▶ _Brief_
Find every line containing the string "during" in the data below, and report how many there are, with no other words.

▶ _Exercise input_
※ ※ ※

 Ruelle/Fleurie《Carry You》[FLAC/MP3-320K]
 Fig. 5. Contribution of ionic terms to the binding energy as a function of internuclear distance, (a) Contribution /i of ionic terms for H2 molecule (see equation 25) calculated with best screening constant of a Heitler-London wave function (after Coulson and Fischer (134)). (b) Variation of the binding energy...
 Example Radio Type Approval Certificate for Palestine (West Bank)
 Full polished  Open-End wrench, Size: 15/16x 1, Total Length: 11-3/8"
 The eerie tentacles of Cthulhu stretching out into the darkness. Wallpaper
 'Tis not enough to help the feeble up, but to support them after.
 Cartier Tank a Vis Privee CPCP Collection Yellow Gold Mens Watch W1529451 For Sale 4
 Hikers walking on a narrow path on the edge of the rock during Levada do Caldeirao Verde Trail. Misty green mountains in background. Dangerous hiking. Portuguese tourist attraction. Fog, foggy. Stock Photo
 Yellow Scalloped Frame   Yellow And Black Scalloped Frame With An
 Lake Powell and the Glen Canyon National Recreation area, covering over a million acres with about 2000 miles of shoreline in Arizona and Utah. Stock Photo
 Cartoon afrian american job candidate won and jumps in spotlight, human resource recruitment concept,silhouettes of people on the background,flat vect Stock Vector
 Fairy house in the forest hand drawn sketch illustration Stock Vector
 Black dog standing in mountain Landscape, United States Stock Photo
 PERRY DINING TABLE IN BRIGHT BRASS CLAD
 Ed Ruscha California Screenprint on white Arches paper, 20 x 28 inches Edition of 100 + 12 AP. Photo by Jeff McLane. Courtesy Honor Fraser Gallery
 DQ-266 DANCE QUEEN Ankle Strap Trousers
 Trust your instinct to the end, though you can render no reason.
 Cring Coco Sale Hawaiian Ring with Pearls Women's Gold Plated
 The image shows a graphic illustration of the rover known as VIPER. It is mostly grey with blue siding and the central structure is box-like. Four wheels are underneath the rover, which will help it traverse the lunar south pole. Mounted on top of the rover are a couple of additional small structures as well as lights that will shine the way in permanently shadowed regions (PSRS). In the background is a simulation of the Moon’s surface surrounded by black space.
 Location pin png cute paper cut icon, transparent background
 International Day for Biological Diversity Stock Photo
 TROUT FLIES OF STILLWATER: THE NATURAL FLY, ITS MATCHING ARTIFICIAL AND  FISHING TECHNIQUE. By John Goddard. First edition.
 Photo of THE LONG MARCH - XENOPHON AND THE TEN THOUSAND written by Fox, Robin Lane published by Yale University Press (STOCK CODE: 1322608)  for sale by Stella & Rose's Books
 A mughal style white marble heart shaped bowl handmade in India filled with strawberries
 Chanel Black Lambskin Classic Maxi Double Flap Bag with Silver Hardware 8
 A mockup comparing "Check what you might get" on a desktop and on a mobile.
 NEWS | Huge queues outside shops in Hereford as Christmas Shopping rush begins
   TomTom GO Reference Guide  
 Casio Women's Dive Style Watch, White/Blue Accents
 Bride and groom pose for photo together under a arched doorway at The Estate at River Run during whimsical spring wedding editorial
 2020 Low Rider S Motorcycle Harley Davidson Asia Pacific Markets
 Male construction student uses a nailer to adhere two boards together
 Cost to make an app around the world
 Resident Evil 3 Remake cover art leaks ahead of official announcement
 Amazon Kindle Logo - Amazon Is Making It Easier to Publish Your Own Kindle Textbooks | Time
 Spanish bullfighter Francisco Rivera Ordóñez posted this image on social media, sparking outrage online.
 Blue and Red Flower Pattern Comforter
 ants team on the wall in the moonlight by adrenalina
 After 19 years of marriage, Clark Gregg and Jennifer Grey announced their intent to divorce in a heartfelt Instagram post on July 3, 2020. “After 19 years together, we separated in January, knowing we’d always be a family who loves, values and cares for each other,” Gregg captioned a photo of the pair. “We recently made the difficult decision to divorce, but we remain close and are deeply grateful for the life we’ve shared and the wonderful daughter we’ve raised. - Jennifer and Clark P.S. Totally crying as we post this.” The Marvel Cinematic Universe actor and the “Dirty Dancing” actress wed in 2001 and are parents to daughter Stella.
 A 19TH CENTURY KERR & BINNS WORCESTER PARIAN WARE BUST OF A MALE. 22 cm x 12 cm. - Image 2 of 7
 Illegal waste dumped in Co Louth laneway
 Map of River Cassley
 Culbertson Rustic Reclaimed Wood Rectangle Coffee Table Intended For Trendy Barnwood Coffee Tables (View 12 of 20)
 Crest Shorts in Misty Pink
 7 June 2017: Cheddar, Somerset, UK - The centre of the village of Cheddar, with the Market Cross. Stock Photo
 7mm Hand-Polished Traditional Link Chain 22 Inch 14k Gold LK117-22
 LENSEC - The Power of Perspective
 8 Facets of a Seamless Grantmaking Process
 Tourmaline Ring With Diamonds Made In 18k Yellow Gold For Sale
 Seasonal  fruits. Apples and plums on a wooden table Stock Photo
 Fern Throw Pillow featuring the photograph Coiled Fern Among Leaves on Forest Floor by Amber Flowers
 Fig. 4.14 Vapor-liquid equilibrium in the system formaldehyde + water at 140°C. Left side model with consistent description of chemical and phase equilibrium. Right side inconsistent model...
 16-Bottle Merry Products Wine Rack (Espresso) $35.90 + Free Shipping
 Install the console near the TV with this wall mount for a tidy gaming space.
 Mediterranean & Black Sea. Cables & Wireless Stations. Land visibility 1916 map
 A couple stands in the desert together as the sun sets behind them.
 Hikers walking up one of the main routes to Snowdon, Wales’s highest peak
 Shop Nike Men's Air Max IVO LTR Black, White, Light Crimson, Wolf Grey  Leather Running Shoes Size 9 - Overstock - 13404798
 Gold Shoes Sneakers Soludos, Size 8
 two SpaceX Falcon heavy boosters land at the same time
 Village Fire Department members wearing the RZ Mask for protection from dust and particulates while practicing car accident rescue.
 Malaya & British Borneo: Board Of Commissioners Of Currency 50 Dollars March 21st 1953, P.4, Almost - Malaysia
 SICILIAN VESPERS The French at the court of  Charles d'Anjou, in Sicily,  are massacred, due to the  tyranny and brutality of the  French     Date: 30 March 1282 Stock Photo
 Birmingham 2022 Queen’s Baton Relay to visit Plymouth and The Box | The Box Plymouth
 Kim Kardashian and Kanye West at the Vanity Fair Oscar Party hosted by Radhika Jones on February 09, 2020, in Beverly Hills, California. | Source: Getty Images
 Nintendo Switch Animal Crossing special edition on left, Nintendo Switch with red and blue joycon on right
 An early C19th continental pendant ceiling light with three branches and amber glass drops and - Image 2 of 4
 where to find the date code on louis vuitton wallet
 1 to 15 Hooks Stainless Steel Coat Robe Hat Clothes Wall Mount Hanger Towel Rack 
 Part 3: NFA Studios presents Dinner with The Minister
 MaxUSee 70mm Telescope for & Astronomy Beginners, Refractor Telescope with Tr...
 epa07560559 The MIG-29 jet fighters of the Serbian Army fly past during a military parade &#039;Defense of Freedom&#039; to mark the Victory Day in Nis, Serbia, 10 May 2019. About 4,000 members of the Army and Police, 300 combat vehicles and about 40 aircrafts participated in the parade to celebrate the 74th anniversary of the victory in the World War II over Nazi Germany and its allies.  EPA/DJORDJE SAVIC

※ ※ ※

▶ _Expected output_
3